New Orleans archdiocese failed to monitor priests accused of sexual abuse

NEW ORLEANS (LA)
The Guardian [London, England]

August 10, 2023

By Ramon Antonio Vargas

Victims’ advocates detailed church’s neglect in following oversight recommendations when transferring accused clergy

After the US’s second-oldest Roman Catholic archdiocese filed for bankruptcy protection in 2020, attorneys for people claiming sexual abuse at the hands of the organization’s clergymen reviewed thousands of records outlining how the church managed the careers of priests and deacons faced with substantial allegations.

Glaringly missing from those documents is any plan by which the archdiocese of New Orleans could reliably protect children from contact with clerics who had been suspended from public ministry following molestation allegations – but who for years stayed in close proximity to and were financially supported by the church.

The archdiocese’s failure to implement a meaningful oversight plan for suspected, still-living predator priests and deacons – as was repeatedly recommended to the organization – is outlined in a 48-page memorandum secretly prepared by a team of attorneys representing some people pursuing clerical abuse claims through the bankruptcy proceeding.

The accusers’ lawyers have turned it over to law enforcement in what was meant to be a summary of crimes that they believed could still be prosecuted. The brief has not led to any substantial action from authorities. And as broad confidentiality rules apply to the bankruptcy, parties on all sides of the case have sought to keep its contents from becoming public.

Nonetheless, the Guardian obtained a copy of the memo, which vividly demonstrates the limits of measures that church leaders in a region with about a half-million Catholics have taken to ostensibly help put distance between accused clerics and children as well as adults who are described as vulnerable.

At least 17 clergymen were still living either at the time they were included on the list of credibly accused clerics that the New Orleans archdiocese first released in 2018 – or when they were added to that roster during several subsequent revisions.

According to the memo’s authors, one of the most egregious examples to emerge from that group was Gerard Howell.

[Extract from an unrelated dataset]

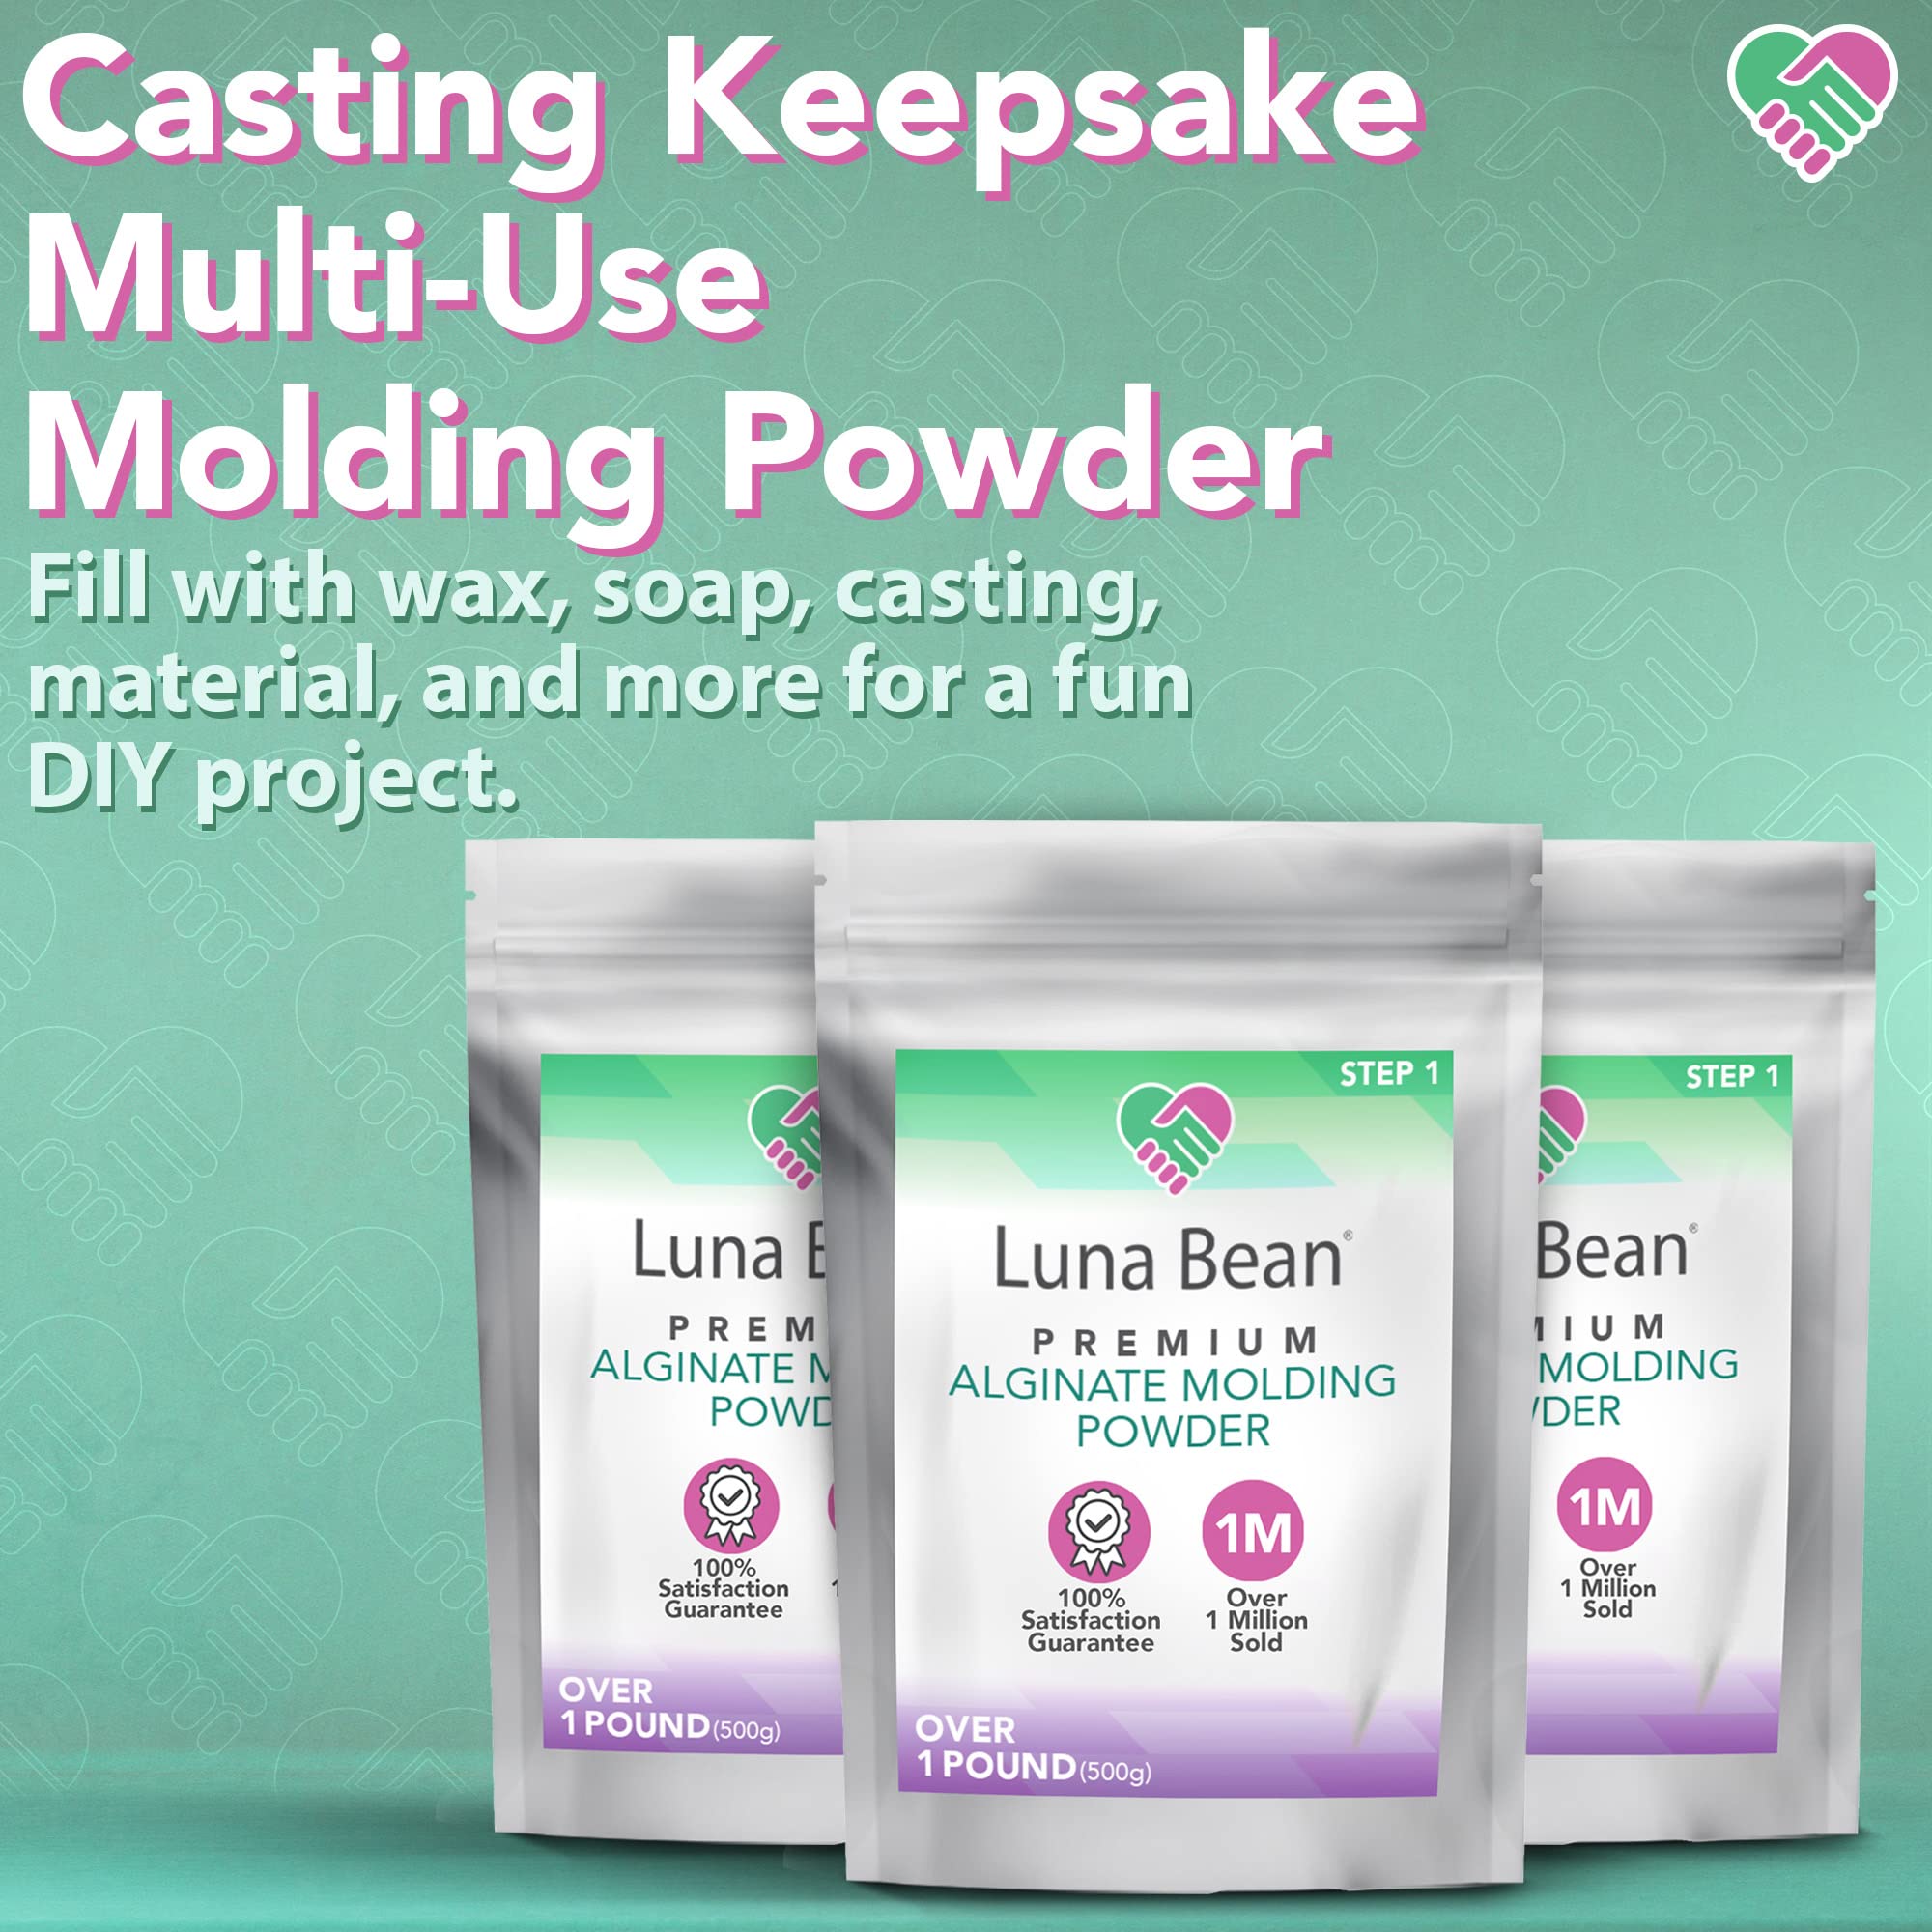 LifeMold Alginate Molding Powder for Hand Casting, Life Casting

Howell was permanently removed from active ministry about 30 years earlier over credible accusations that he had molested children in Louisiana’s deaf community in the 1960s and 1970s.

Months after becoming New Orleans’s archbishop in the summer of 2009, Gregory Aymond sent Howell to be evaluated during a 29-day inpatient stay at the St John Vianney center, the memo recounts.

The center has been known nationally for providing behavioral health treatment to clergy. And the archdiocese, at the time, was reviewing its policies for handling priests and deacons accused of abuse.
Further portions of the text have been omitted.